分解厂的空气确实比楼道里稍好些——车间顶部有两台小型通风扇,虽然转得有气无力,好歹能带动点气流。艾丝的工位在角落,负责拆解废弃的机械臂关节,这项活计需要手稳,更需要耐心——关节里的线路细得像头发丝,稍不注意就会扯断,而完整的线路板能换的配额,比碎线多三成。
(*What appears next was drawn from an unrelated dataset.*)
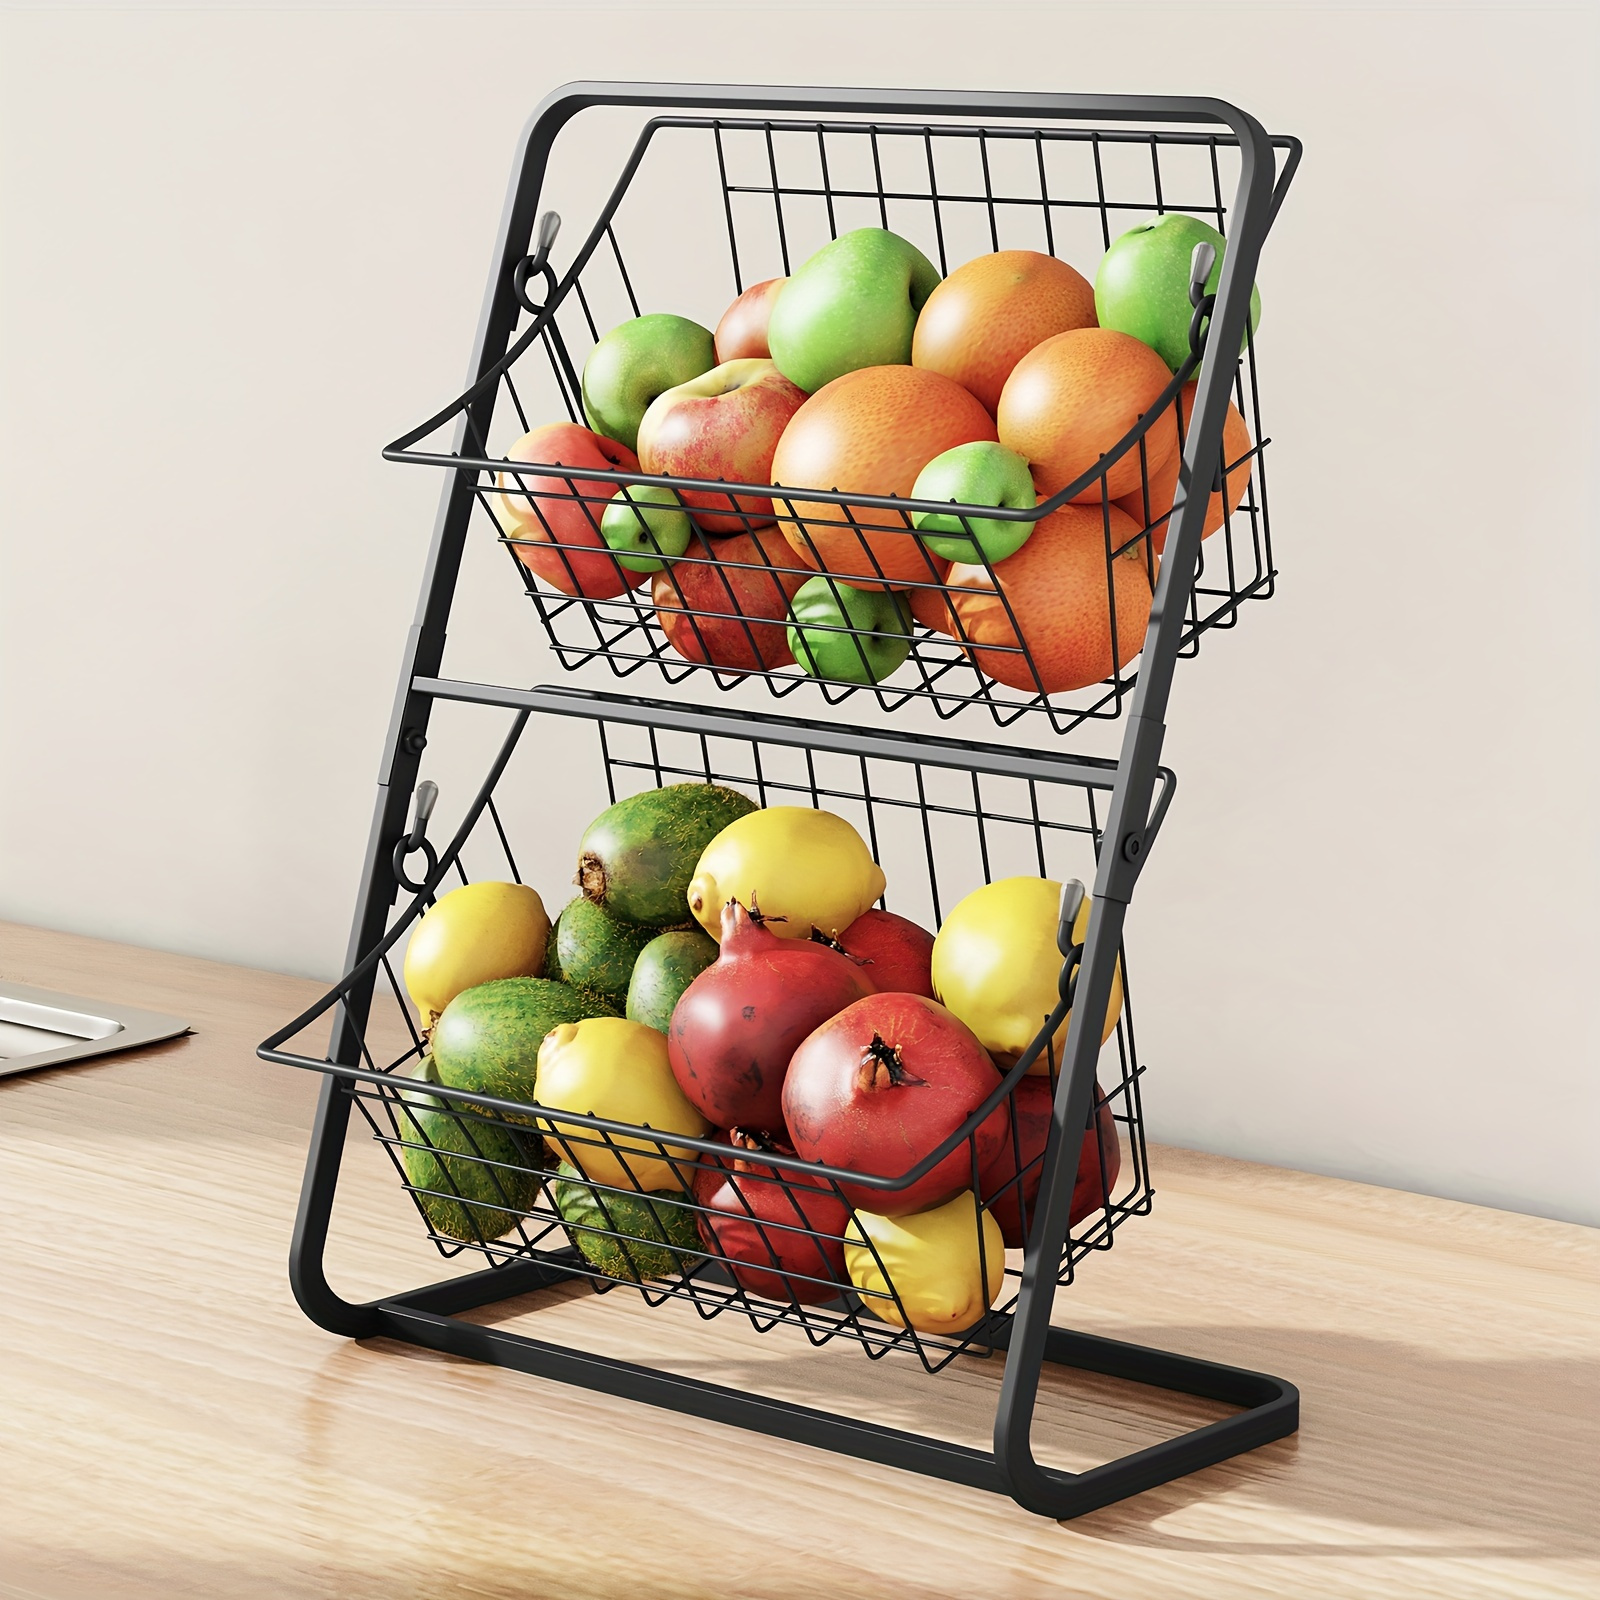 SNTD Cesta de frutas y verduras para cocina con tapa superior de metal,  carrito de almacenamiento giratorio de 5 niveles para papa, cebolla, pan

她戴上薄薄的橡胶手套,指尖的茧子蹭过冰冷的金属,突然想起父亲教她拆解时说的话:“机器和人一样,都有骨头有筋,你得顺着它的纹路来,硬掰是不行的。”那时父亲的手还没被砸伤,手指灵活得能在齿轮间跳舞,现在那双布满伤疤的手,只能在记忆里动了。
“艾丝。”
有人在身后轻唤了一声。艾丝回头,看见是同组的女工小芸。这姑娘比艾丝小五岁,总爱穿一件洗得发白的碎花衬衫——那是她母亲留给他的,据说是从上层淘汰的“复古装”里捡的。小芸的眼睛很亮,此刻却不停地往四周瞟,像只受惊的兔子。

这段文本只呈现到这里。